Here is how we interpret the coding:

  • rural is coded as Area_suburban = 0 and Area_urban = 0
  • suburban is coded as Area_suburban = 1 and Area_urban = 0
  • urban is coded as Area_suburban = 0 and Area_urban = 1

If this sounds confusing, think in general terms that why we need only k-1 dummy variables if we have a categorical feature with k "levels".

Anyway, let's add these two new dummy variables onto the original DataFrame, and then include them in the linear regression model.

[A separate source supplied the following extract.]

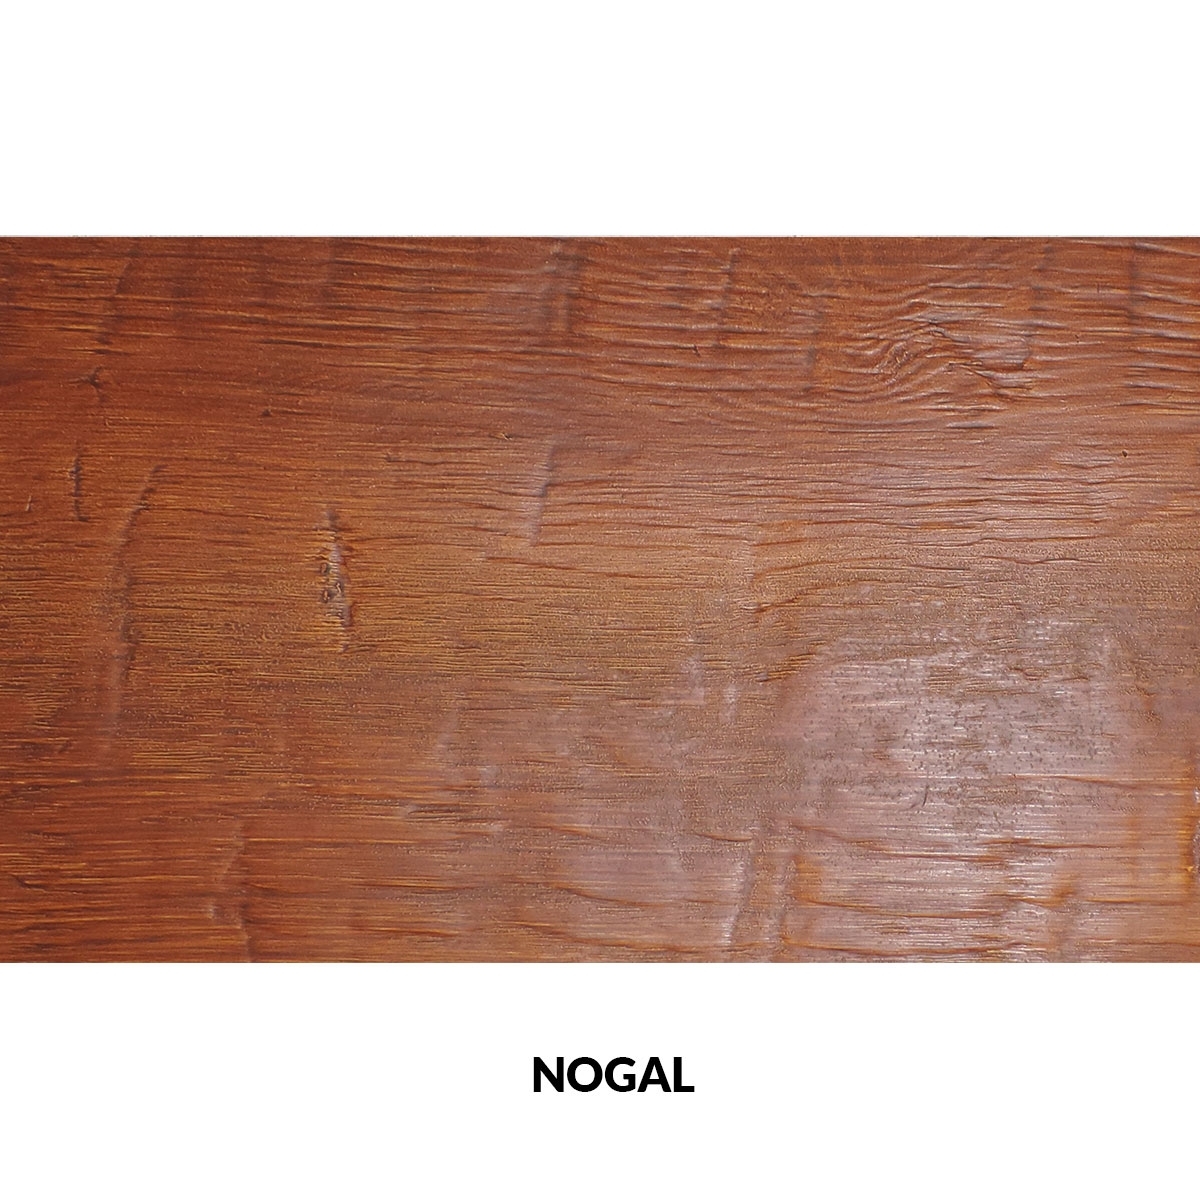 Panel rústico sin lamas imitación madera de 300x62cm nogal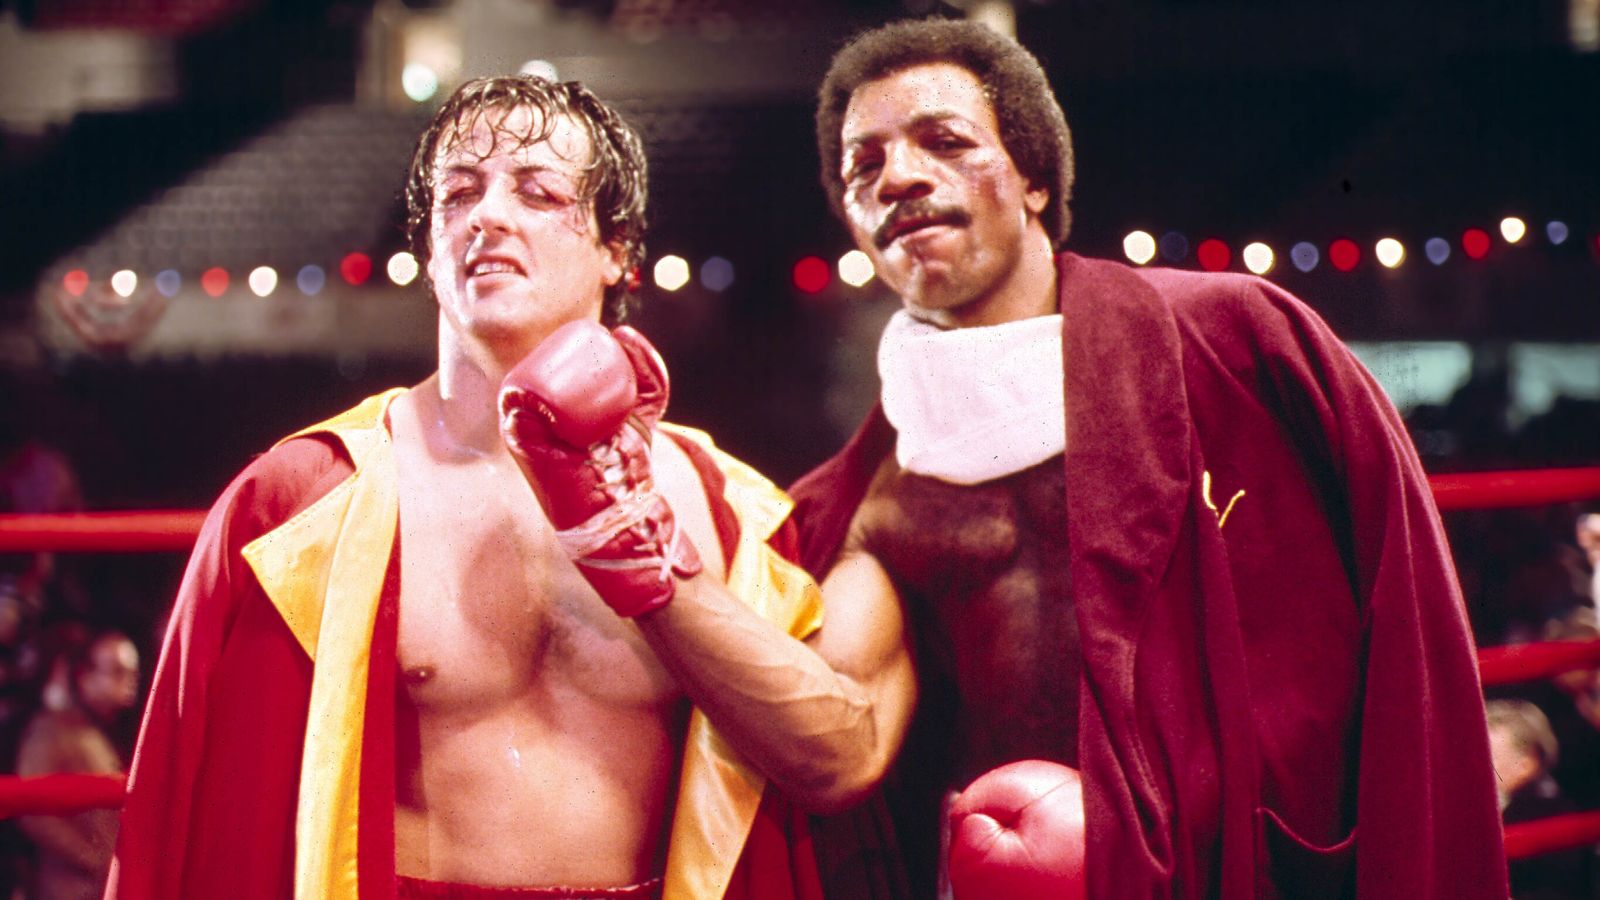 Rocky, Carl Weathers ottenne il ruolo di Apollo criticando la recitazione di Sylvester Stallone

data = pd.concat([data, area_dummies], axis=1)
data.head()
TV radio newspaper sales Area Area_suburban Area_urban
0 0.969852 0.981522 1.778945 1.552053 rural 0 0
1 -1.197376 1.082808 0.669579 -0.696046 urban 0 1
2 -1.516155 1.528463 1.783549 -0.907406 rural 0 0
3 0.052050 1.217855 1.286405 0.860330 urban 0 1
4 0.394182 -0.841614 1.281802 -0.215683 suburban 1 0
feature_cols = ['TV', 'radio', 'newspaper', 'Area_suburban', 'Area_urban']             # create a Python list of feature names
X = data[feature_cols]  
y = data.sales
linreg = linear_reg(X,y)
feature_cols.insert(0,'Intercept')
coef = linreg.coef_.tolist()
coef.insert(0, linreg.intercept_)

eq1 = zip(feature_cols, coef)

for c1,c2 in eq1:
    print("{} : {}".format(c1.rjust(15," "),c2))
      Intercept : -0.0021853599197541942
             TV : 0.7691747677616426
          radio : 0.5059681015391153
      newspaper : 0.011097353326063264
  Area_suburban : -0.03117228423836141
     Area_urban : 0.041819602307267986

y = - 0.00218 + 0.7691 * TV + 0.505 * radio + 0.011 * newspaper - 0.0311 * Area_suburban + 0.0418 * Area_urban
How do we interpret the coefficients?

  • Holding all other variables fixed, being a suburban area is associated with an average decrease in Sales of 0.0311 widgets (as compared to the baseline level, which is rural).
  • Being an urban area is associated with an average increase in Sales of 0.0418 widgets (as compared to rural).